As Electric Vehicles (EVs) have become a more familiar sight on our streets and highways, one may wonder – has there been a corresponding effect on public health from reduced traffic pollution?

In a paper recently published in the journal, Environmental Research, a Data Sciences Institute (DSI)funded research team showed that EV sales in the US have had a positive and measurable impact on childhood asthma cases.

“There are many policies in the US that are specifically focus on reducing the burden of asthma, but none of these policies directly address the asthma cases stemming from traffic-related air pollution,” said DSI Doctoral Student Fellow, Harshit Gujral, lead-author of the paper entitled, Emerging evidence for the impact of Electric Vehicle sales on childhood asthma: Can ZEV mandates help?

“Previous research shows that around 18-42 per cent, which is a huge number, of all cases of childhood asthma are attributed to traffic-related air pollution,” he added. “So clearly there is this gap between what is covered in the major policies and actual effectiveness in reducing asthma.”

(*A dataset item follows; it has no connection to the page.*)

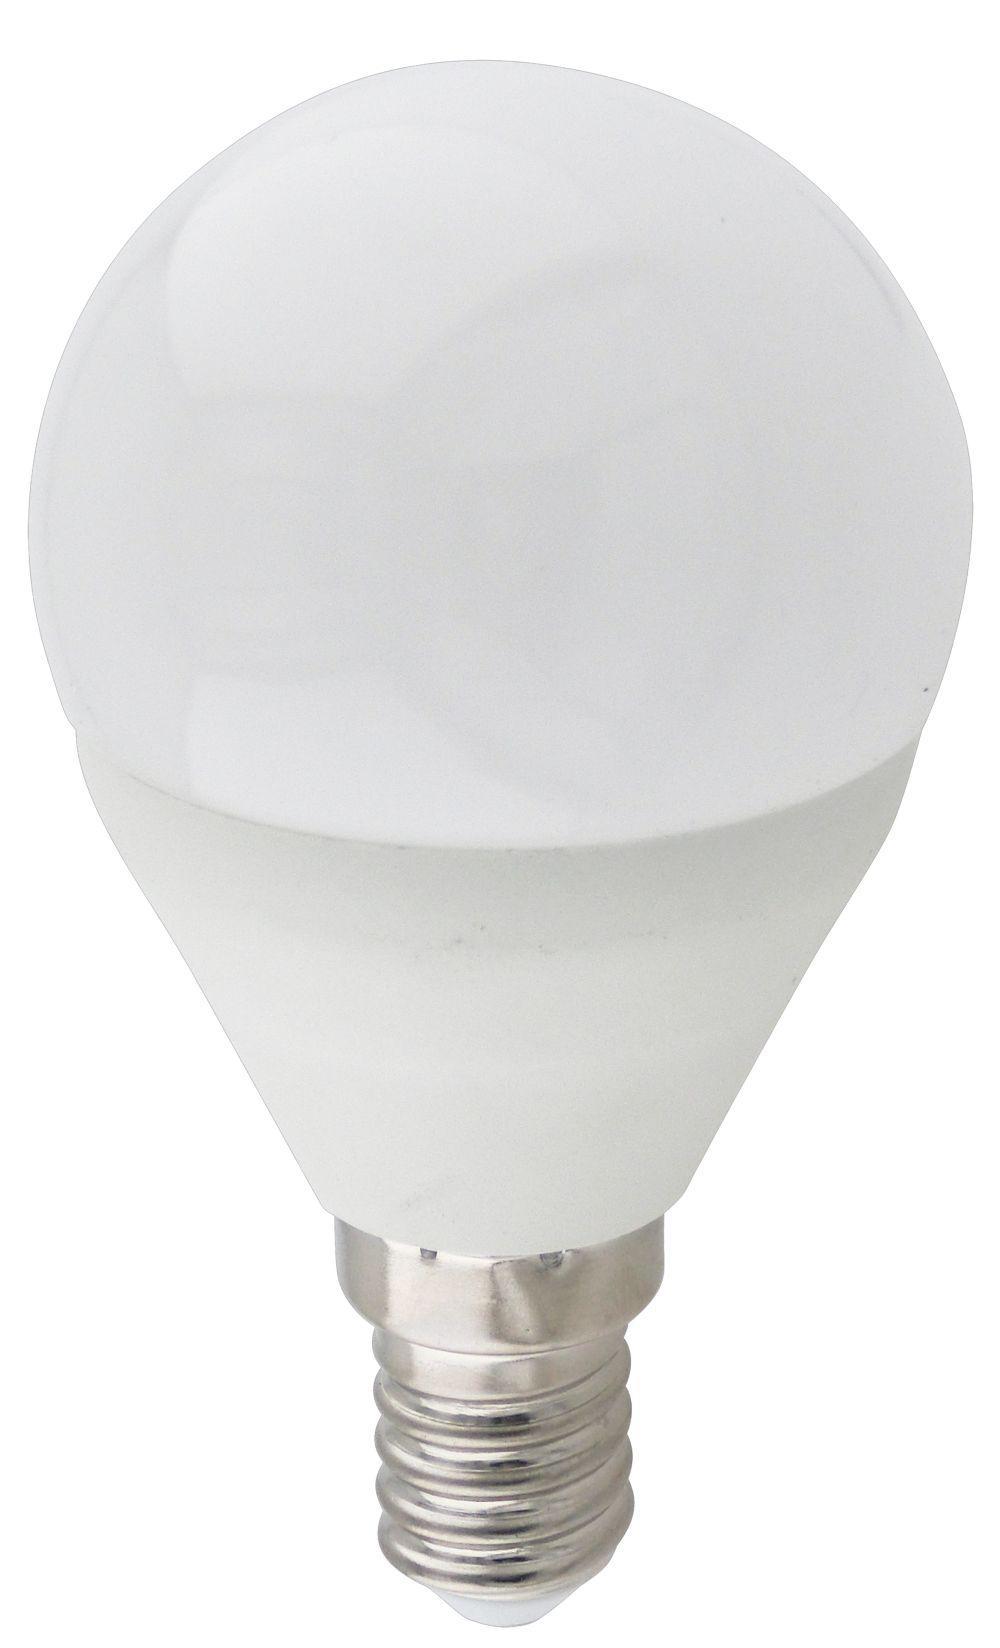 90121381 Лампа светодиодная K4QW70ELC Premium E14 220 В 7 Вт шар малый матовая 560 Лм теплый белый свет STLM-0112509 ECOLA

Along with co-authors and DSI proposal supervisors – Steve Easterbrook (Department of Computer Science, Faculty of Arts and Science, University of Toronto), Meredith Franklin (Department of Statistical Sciences, Faculty of Arts and Science, University of Toronto) and  Paul Kushner (Department of Physics, Faculty of Arts and Science, University of Toronto) – Gujral and team were able to employ a cross-department approach that leveraged expertise across various areas and departments.

“It was clear in this case how important it was to bring together different skills and work collaboratively,” said Franklin.

“A key component was wrangling multiple nationwide data sets from various sources and making them work together in one cohesive analysis.”

Gujral also highlighted the DSI funding as creating a pathway for researchers to focus on their work over a sustained period without distraction.

“The DSI provided three-year funding, which meant that I have not had to apply for the funding every year and could just focus on my research and outcomes,” he said.

“The DSI funding created the bandwidth to do exactly that.”

Using childhood asthma as a proxy due to its widespread impact on the population, the research team relied on publicly available datasets from the U.S. Centers for Disease Control and Prevention from 2013-2019, as well as independently obtained EV sales data

“Employing linear mixed models from data science, we were able to find the associations between the sales of EVs and the cases of asthma due to traffic-related air pollution,” explained Gujral.

The research team found that for every 1,000 new gas-powered vehicles sold, there was one new case of childhood asthma. The team also found that replacing approximately 21 per cent of these sales with electric vehicles appeared to be sufficient to halt rising asthma rates caused by new vehicle sales. However, this number varied depending on the state and various factors — such as population density and the number of existing gas-powered vehicles on the road.

For instance, in some states, replacing just seven per cent of gas car sales with electric vehicles might be enough to halt rising asthma rates caused by new vehicle sales. But in other states, 42 per cent of new car sales had to be electric vehicles in order to have any impact.

“A fundamental finding of this research is that the health impacts of EVs will only manifest when EVs replace existing non-EV vehicles,” said Gujral. “If one simply adds more EVs on the road, it might not result in same health benefits.”

The research team’s findings indicate there’s already a measurable public health benefit being seen in the U.S. from the increase of electric vehicles on the road.

“A 36-77 per cent fleet share of electric vehicles should minimize the asthma burden due to reducing the amount of nitrogen dioxide emitted from gas-powered automobiles, but this doesn’t eliminate all the pollutants that are produced by EVs,” said Gujral.

“Next we want to go to the level of ZIP code to understand this problem a bit more and, at the same time, look further at the socioeconomic implication as low-income communities are the ones who are the most disproportionately impacted by traffic-related air pollution.”